ハゲしメタルが足に巻き付き、ほぼ身動きできない兄の上に妹が覆い被さって庇う。麗しき兄妹愛だった。雰囲気からして、道ならぬ恋をしているのでは、と一瞬だけ余所事を考えたが、些事と切り捨て、鉄心は妹の腕にも刀を走らせる。
「あっ……ぐあ」
痛みに呻く少女に、鉄心は最後の言葉を掛けた。
「そんな痛みを、お前は無関係の美羽ちゃんに与えようとしたんだ。その罪は、お前と兄貴の死を以て贖ってもらう」
「ふ……ざけんな! アタシらのは未遂罪だろうが! ここまで酷い事される謂われは!」
「都合の良い時だけ道徳や法で守られようなんざ、ふざけてんのはテメエだろ。先に外道外法を働いたのはテメエらだよ」
それだけ告げて、鉄心は最後の一人、主犯にして派閥の長、ロレンゾ・クーパーと向き合う。何とか体を起こしているが、顔面は殴られて倍ほどに腫れており、蹴りを入れられた腹もグルグルと鳴っている。
「……」
「薊ぃ! 許さない、許さない! 父様に頼んで」
「本当に自分では何も出来ないんだな、お前。一周回って憐れみすら覚えるよ。つーか、その頼みの父ちゃんも一緒に逝くんだっつの」
鉄心が面倒くさそうにアゴでしゃくった先。ようやく気絶から目が覚め、しかしあまりの事態にパニックを起こしている伯爵家ご一行がいた。

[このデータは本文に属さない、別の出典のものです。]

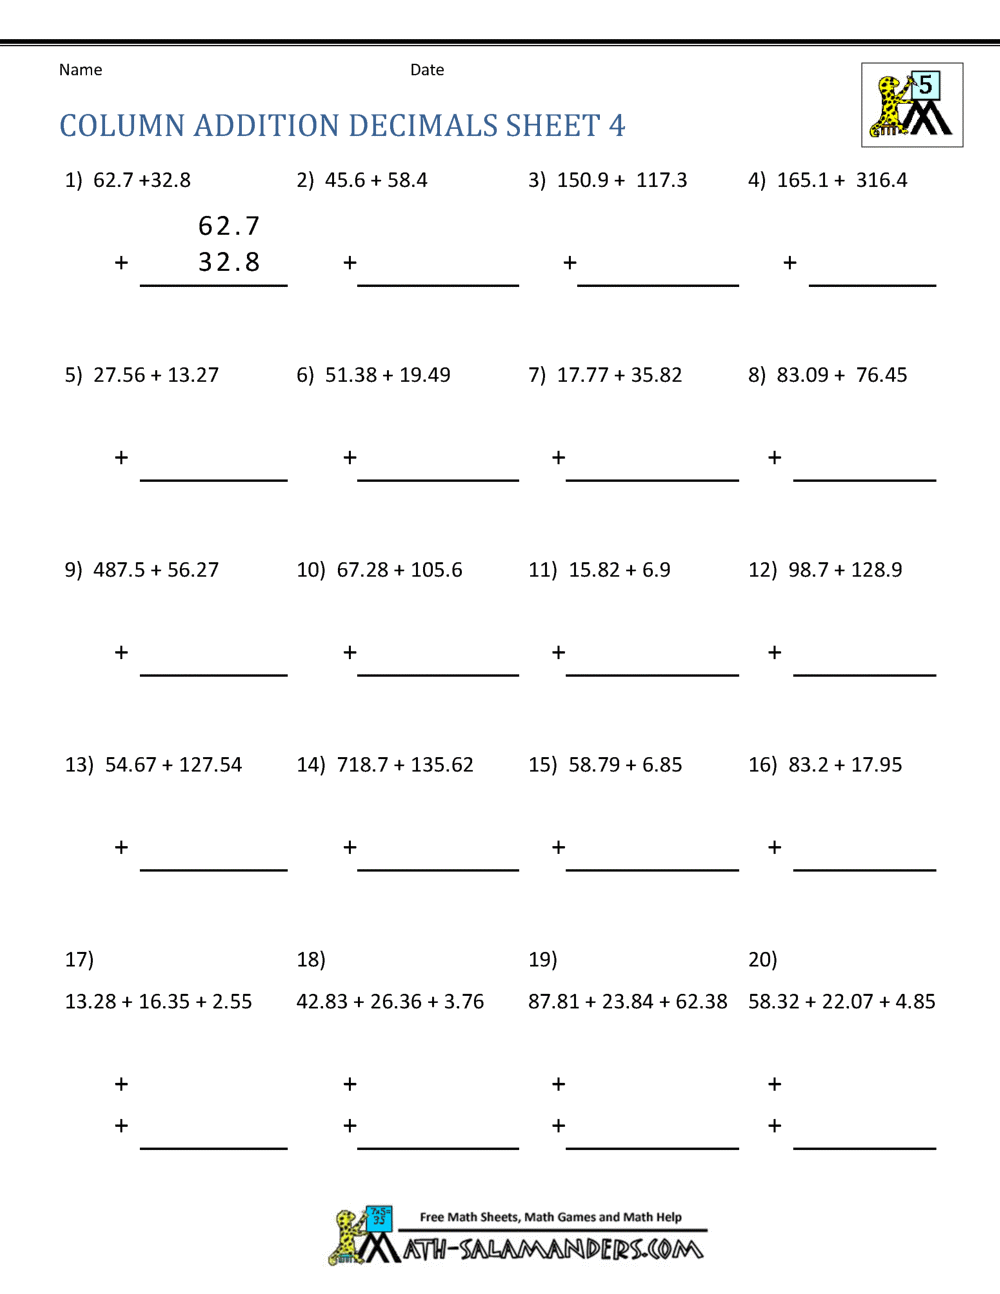 decimals-multiplication-worksheets-multiplying-decimals-by-10-g-worksheet-for-5th-grade

「くそっ! なんでだ! なんでこんな事に! 僕の方が先に好きだったのに! 僕の方が彼女のこと、分かってるのに!」
悔し涙をボロボロと溢しながら、繰り言を止められないロレンゾ。だが鉄心は冷ややかなもので。
「お前、あの子が何に悩んでたか知ってるか?」
「……なに言ってる。公爵様だぞ? 何もかも持っていらっしゃる、天使のような御方だ。お前ら下民のような悩みなどあるワケないだろうが」
「……なるほど、こりゃ頼らないワケだ」
クーパー家は、メローディアからすれば一応は父親の実家なハズだが……この体たらくなら孤独の方がマシである。
「もうこれ以上は時間の無駄だな。始めよう」
鉄心は貴族たちから目線を切り、サファイアに話しかける。儀式の始まりだ。